AUSTIN (KXAN) — Austin Public Health says it is expecting a “severe wave of flu illnesses” if people do not get vaccinated this year, according to a Tuesday release. It said the number of flu cases has surpassed the count this time last year.

“While flu activity is already high, it typically won’t peak until January or February, and significant activity can occur as late as May,” the release said. “People who get the flu vaccine and still get sick can expect a milder illness – and a lower risk of pneumonia, hospitalization or death.”

According to the Texas Department of State Health Services, the 2019-2020 inluenza season began Sept. 29. One child has died in Texas because of the flu so far this year. They lived in the Rio Grande region. Austin International School canceled classes in November because of the high number of flu-related absences.

Flu cases are not required to be reported, and so the data only includes those that were reported to public health. Each week Texas DSHS releases a flu report and compared to the previous week, this week there is an increase in influenza level and it is widespread across the state.

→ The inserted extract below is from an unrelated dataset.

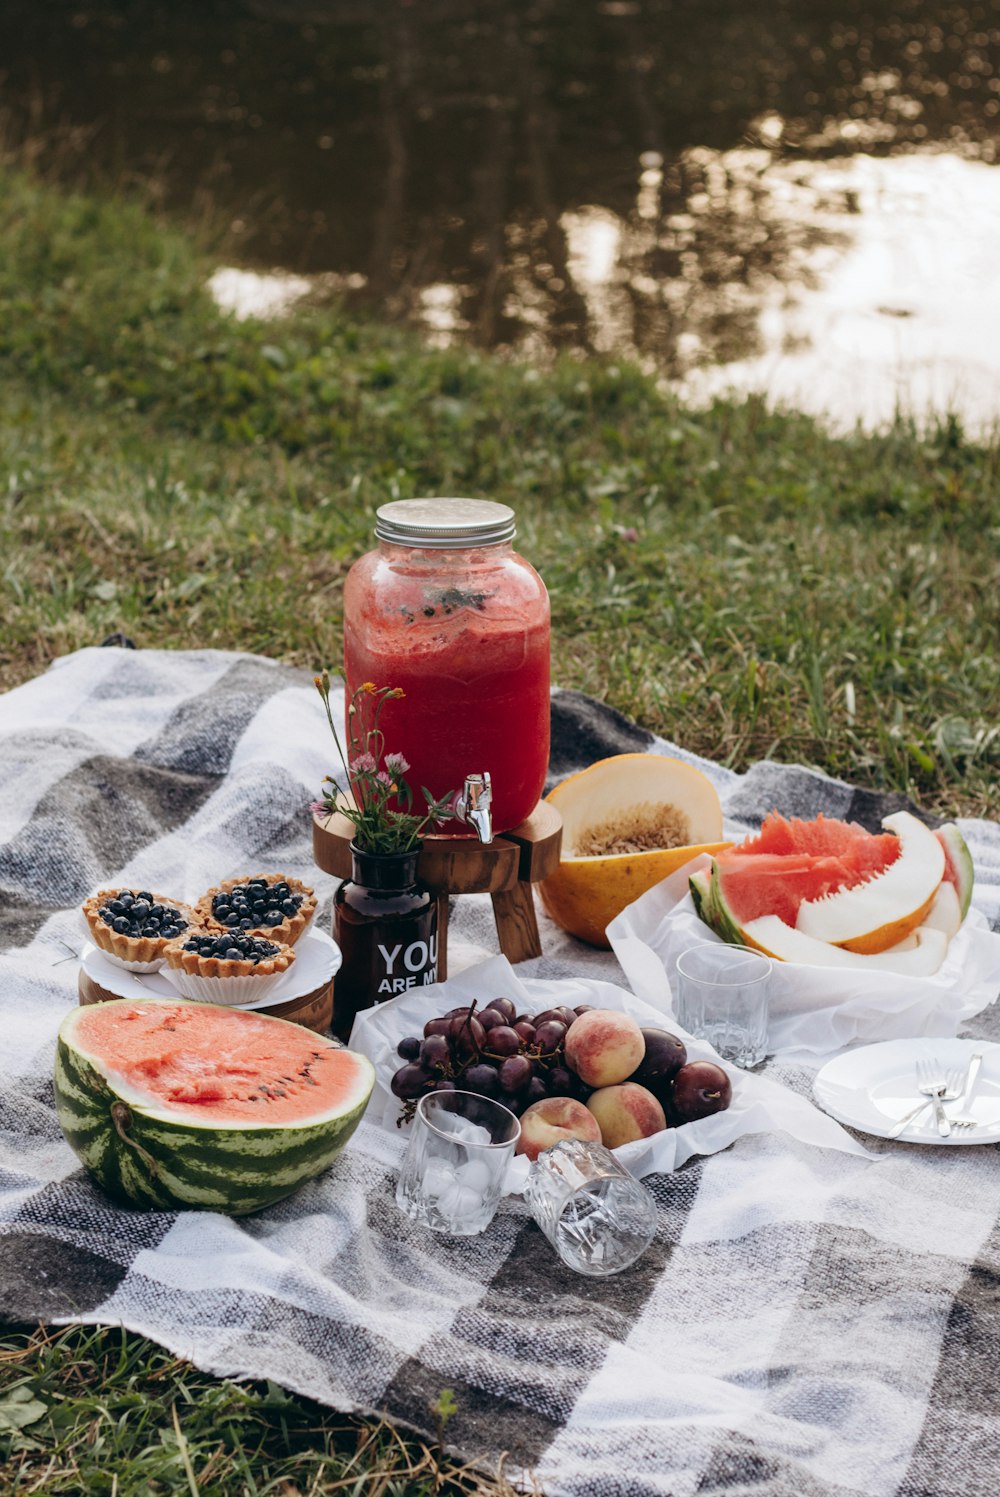 スイカ、ブドウ、メロン、そして瓶のピクニック

Flu symptoms include fever or chills, a cough, sore throat, runny or congested nose, muscle aches, a headache or severe fatigue. People may be contagious from one day before they show signs of the flu and up to a week afterward.

Where to get a flu shot

People who have insurance can go to to find the nearest location to get a flu shot.

Austin Public Health has an immunization program for uninsured children and adults and provides about 45,000 vaccinations each year. People can call the appointment line at 512-972-5520 to get one.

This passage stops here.